Records:
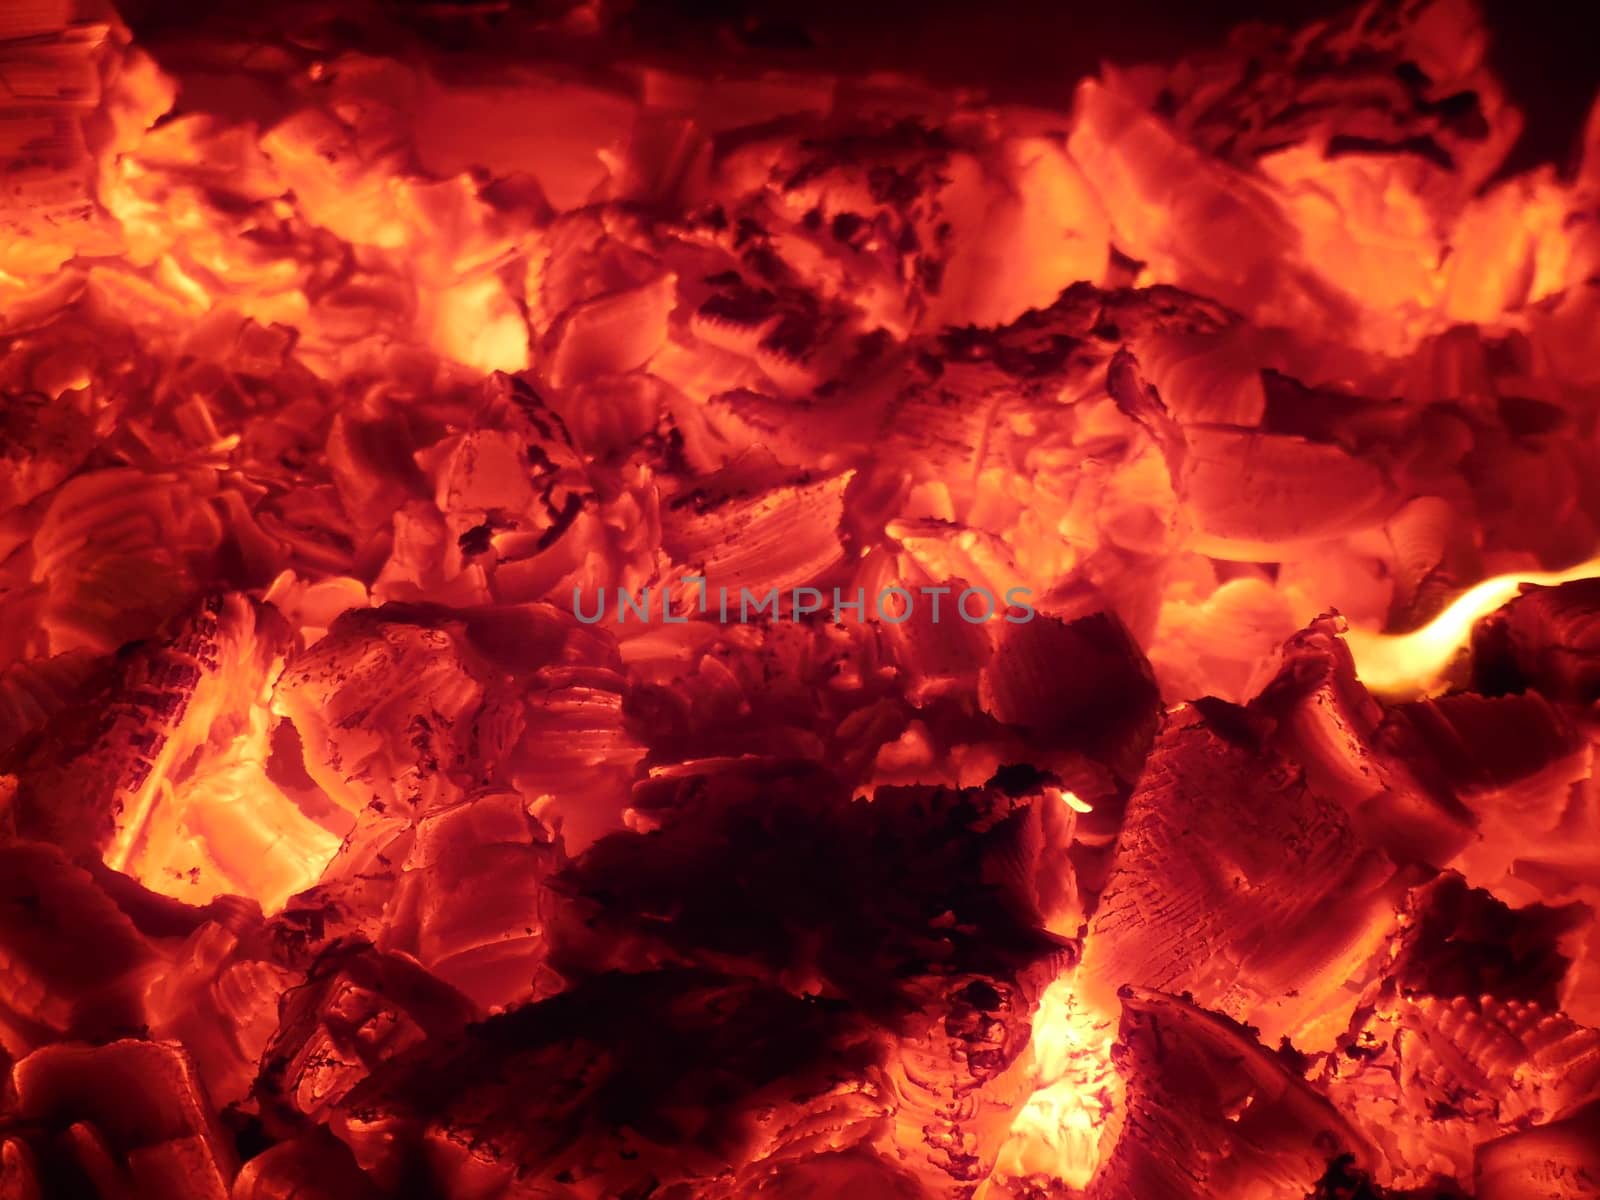 embers and the fire in the stove in Russian Karelia, February, 2015 by olga_ovchinnikova
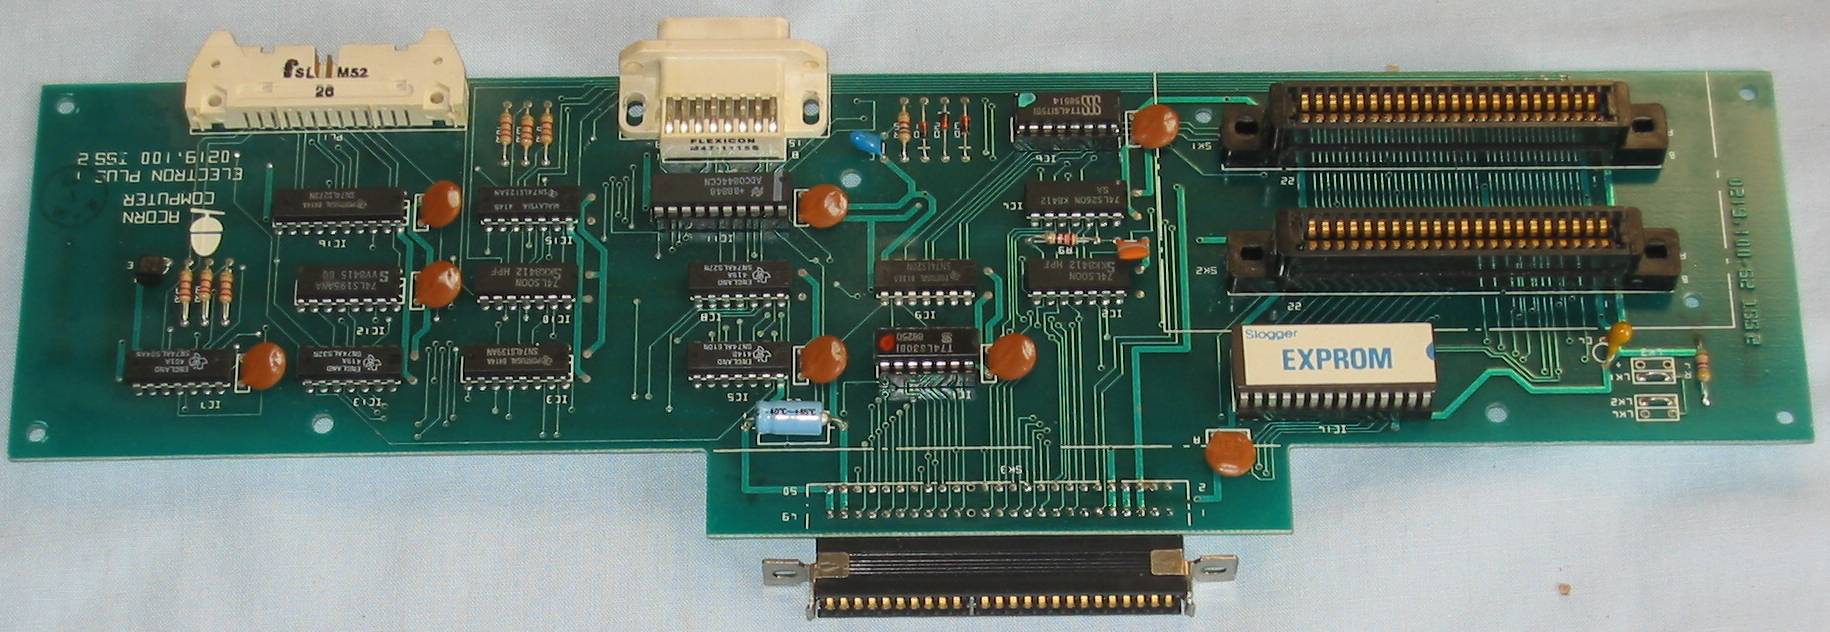 Acorn Plus 1 circuit board HiRes
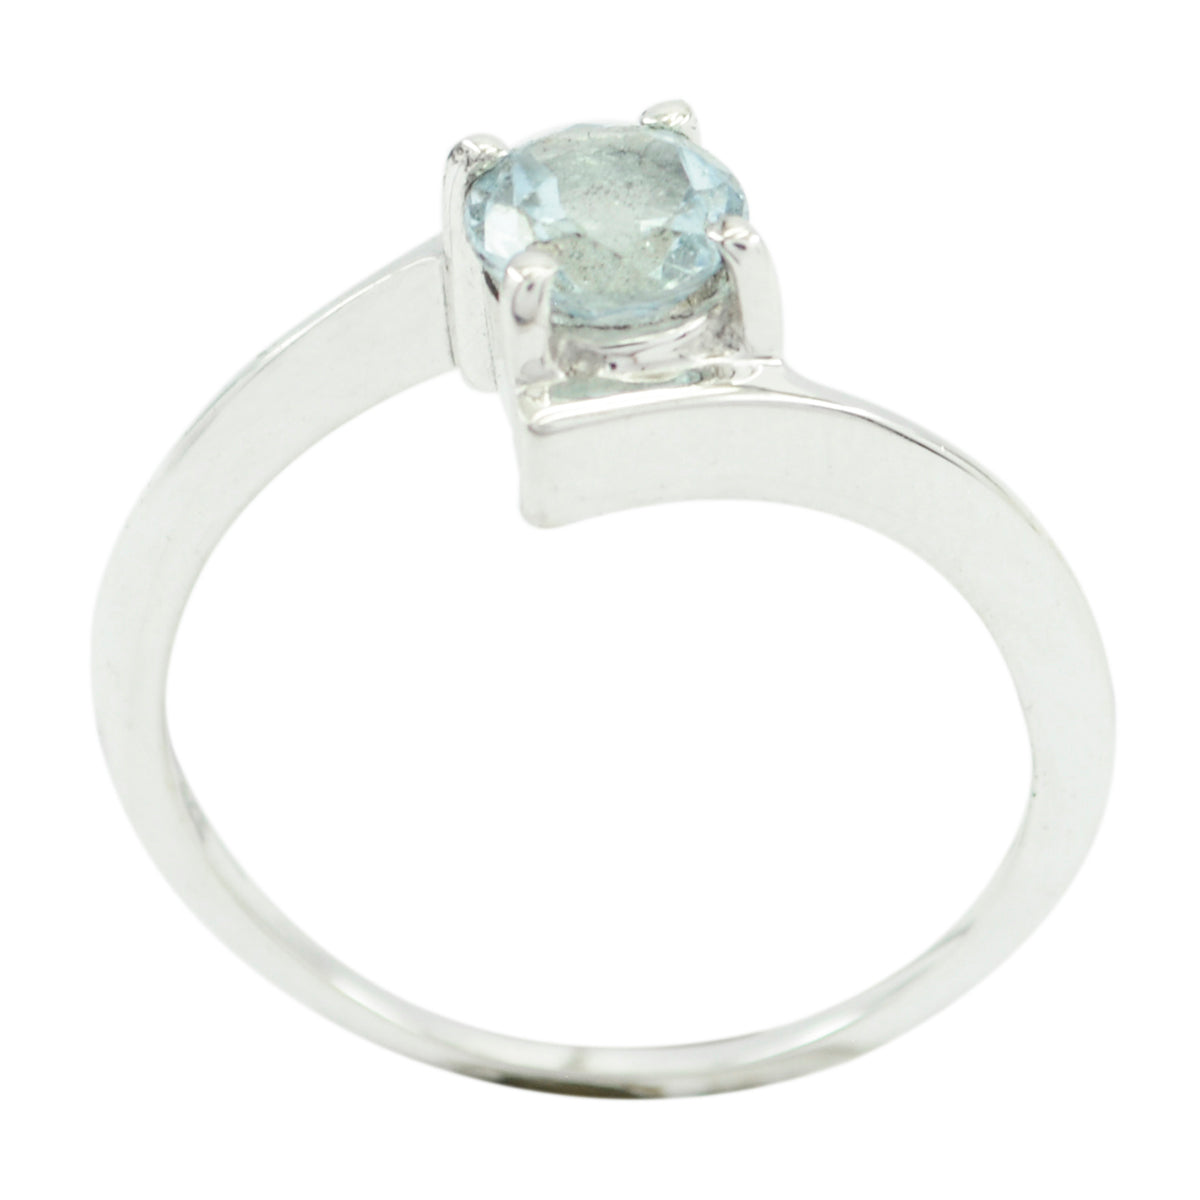 Chocolate-Box Gemstones Blue Topaz 925 Silver Ring Jewelry Pouch
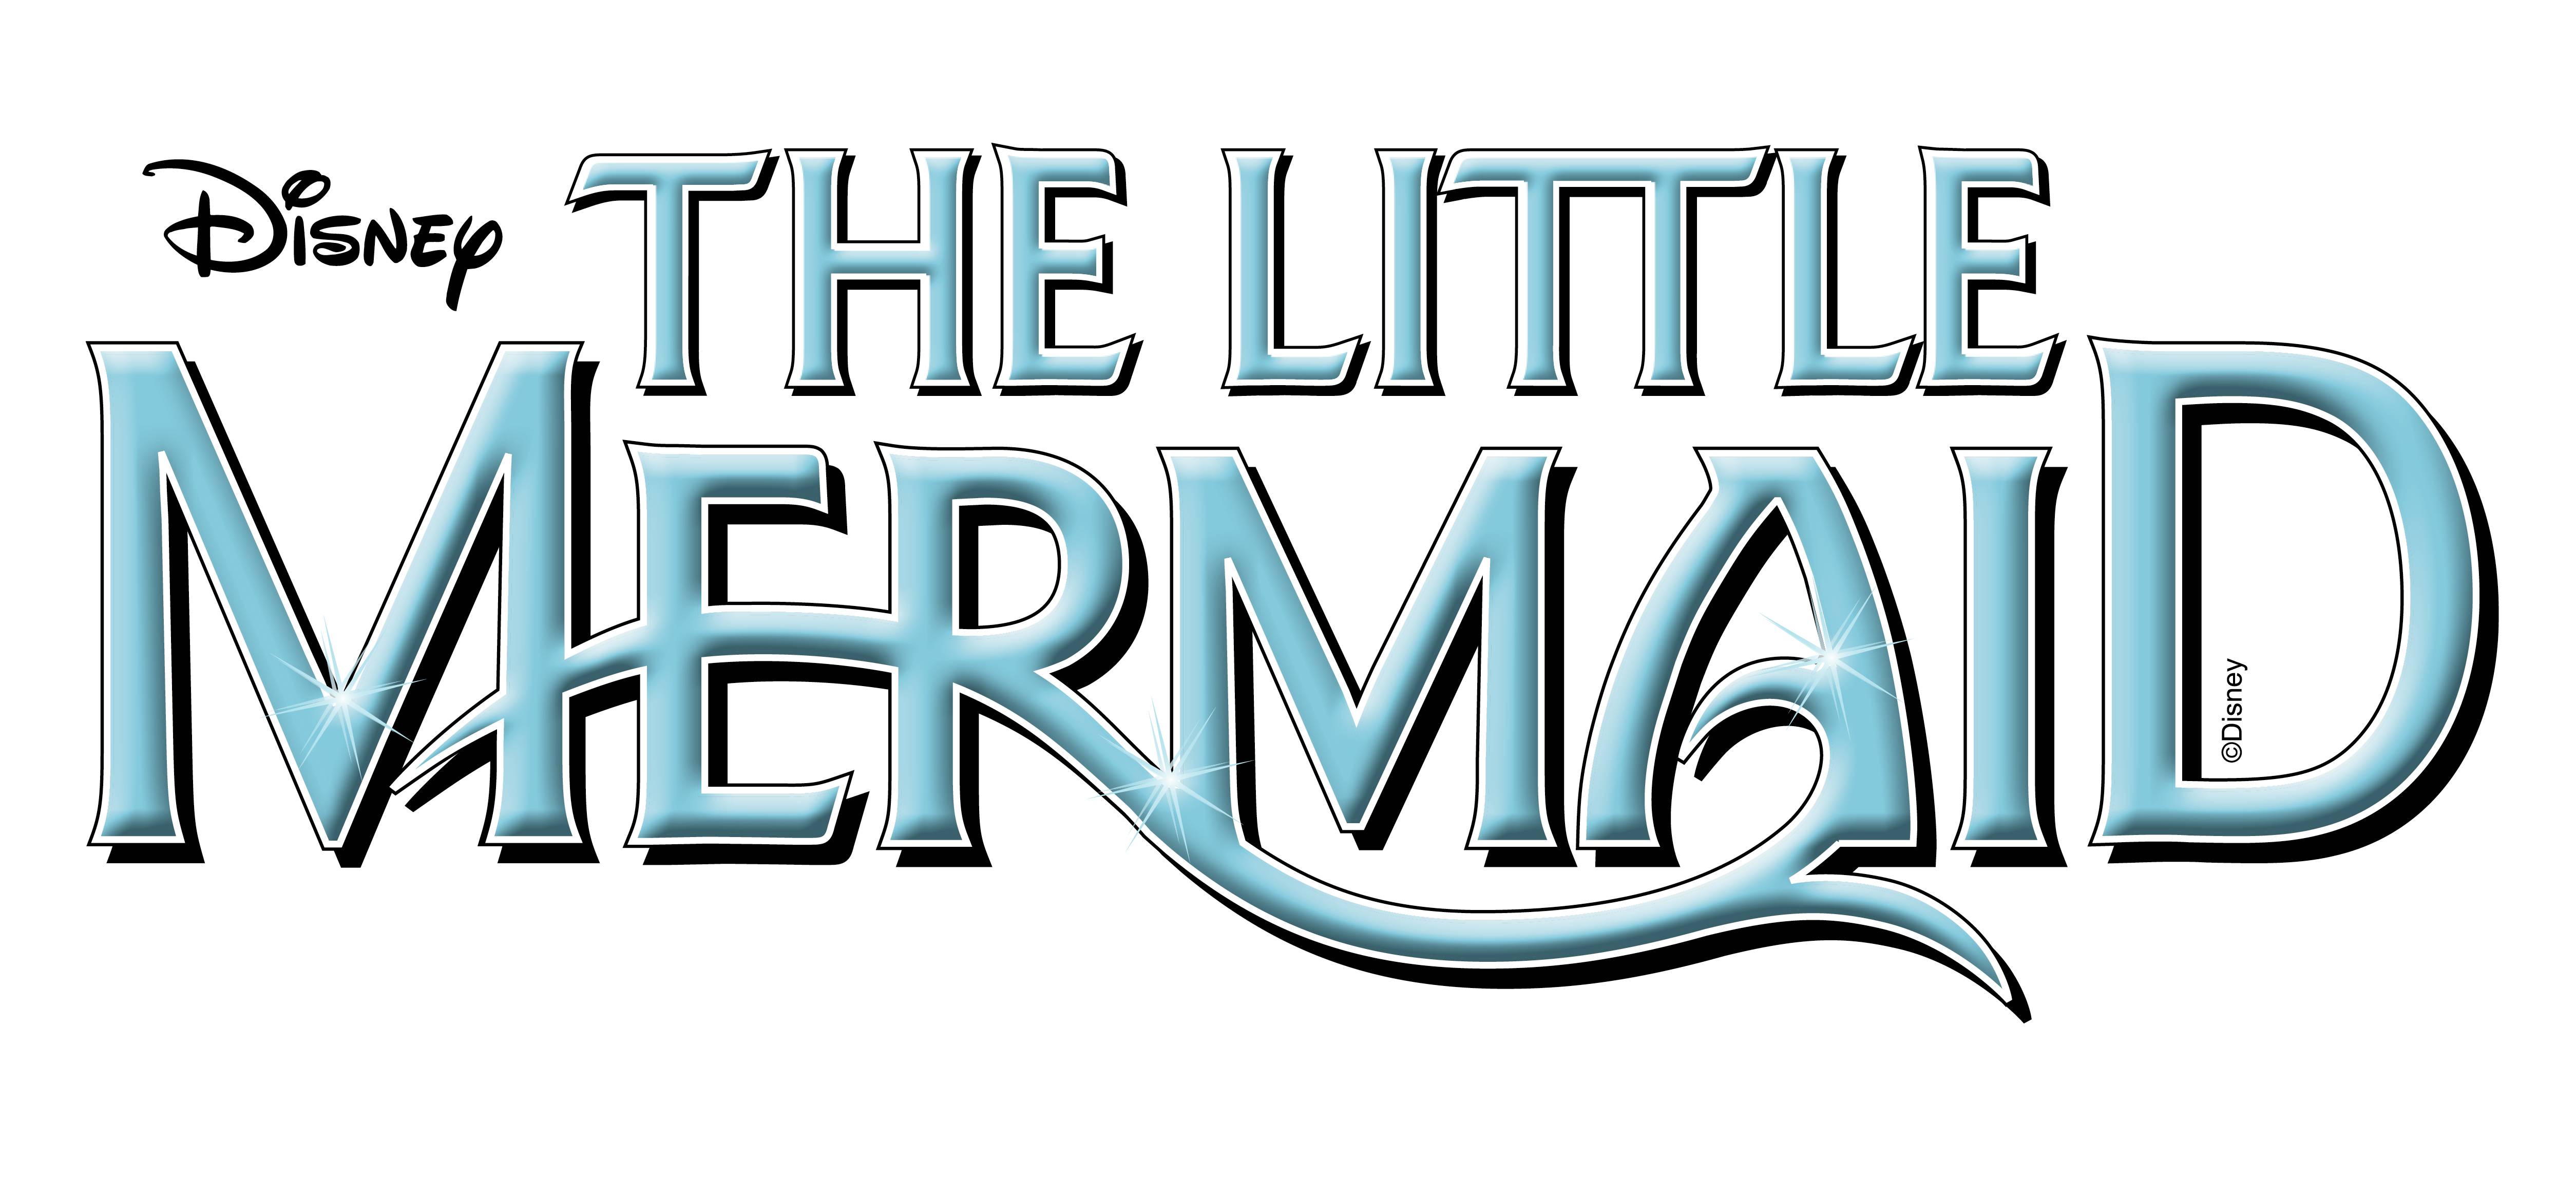 Disney Little Mermaid Logo - The Little Mermaid
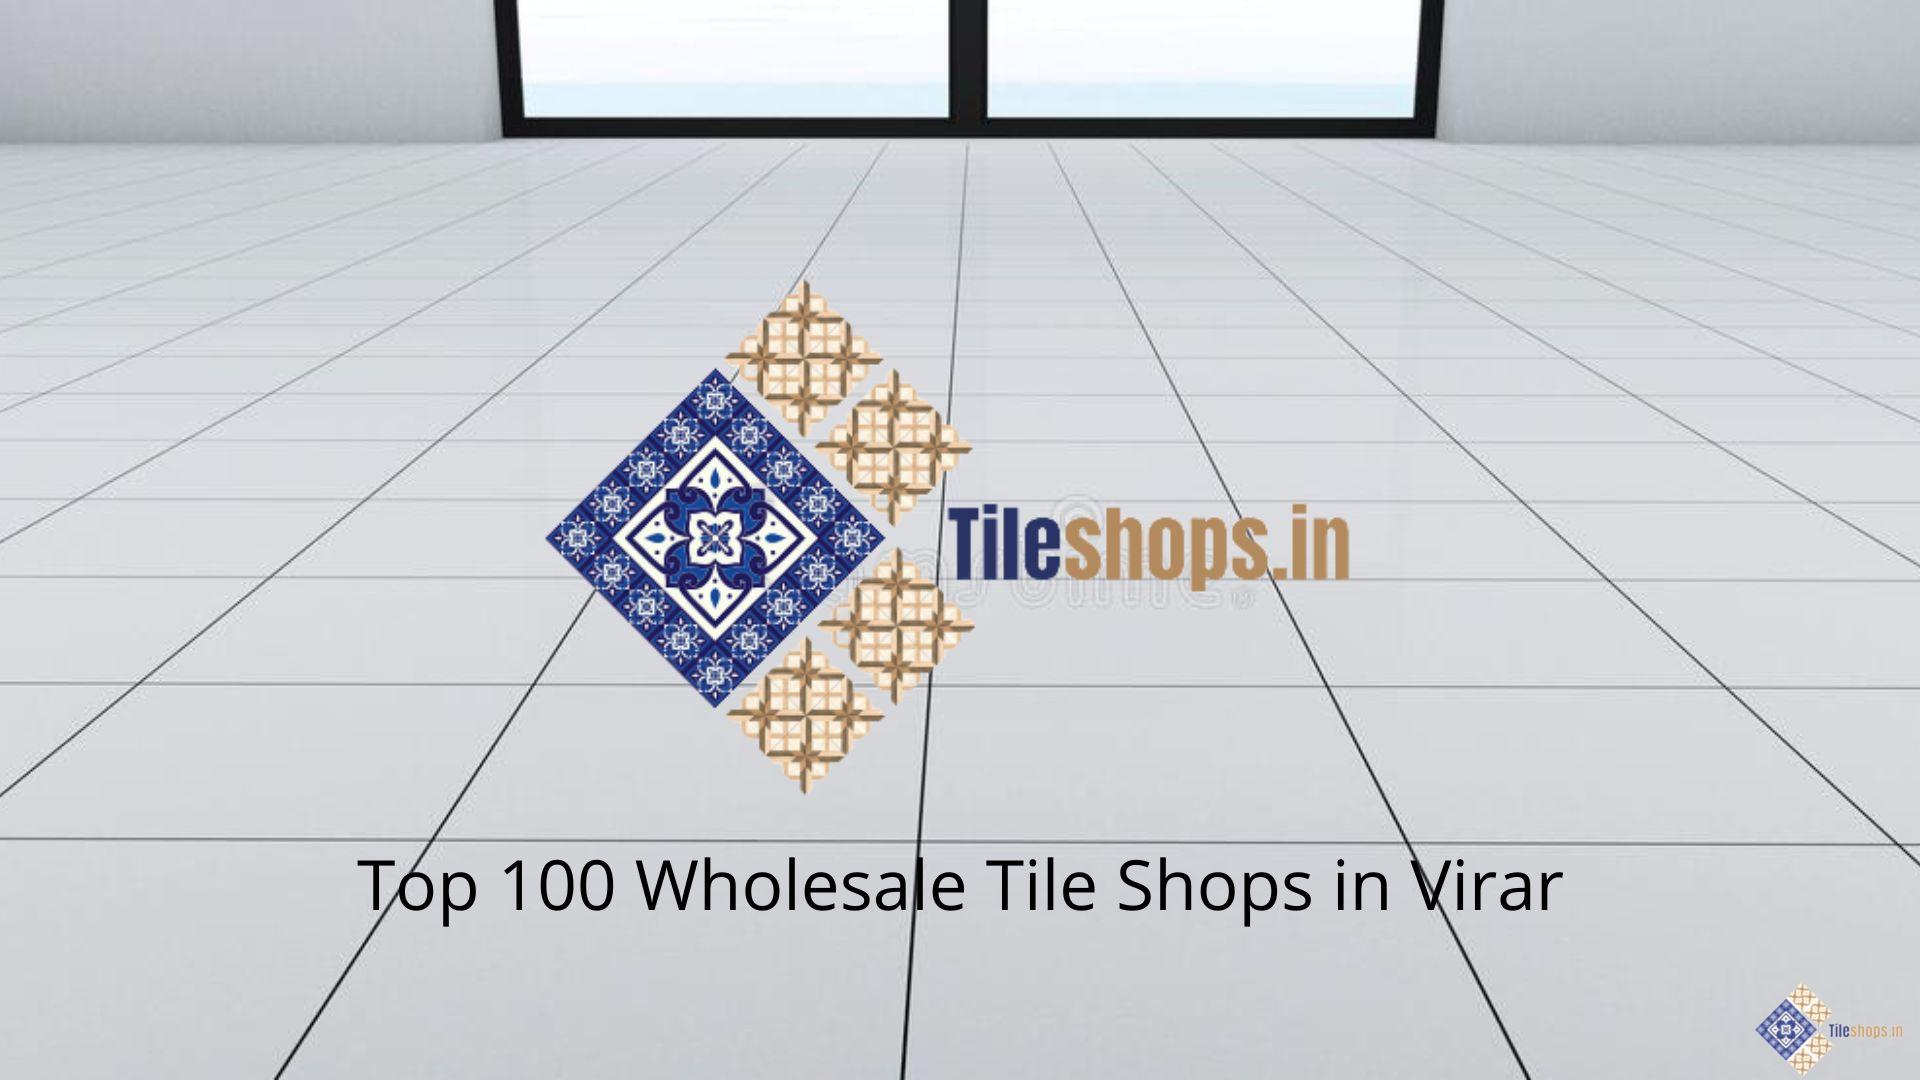 Top 100 Wholesale Tile Shops in Virar

What you will do: Transcribe all of the records exactly, without reproducing their pictures.

Exercise answer:
 embers and the fire in the stove in Russian Karelia, February, 2015 by olga_ovchinnikova
 Acorn Plus 1 circuit board HiRes
 Chocolate-Box Gemstones Blue Topaz 925 Silver Ring Jewelry Pouch
 Disney Little Mermaid Logo - The Little Mermaid
 Top 100 Wholesale Tile Shops in Virar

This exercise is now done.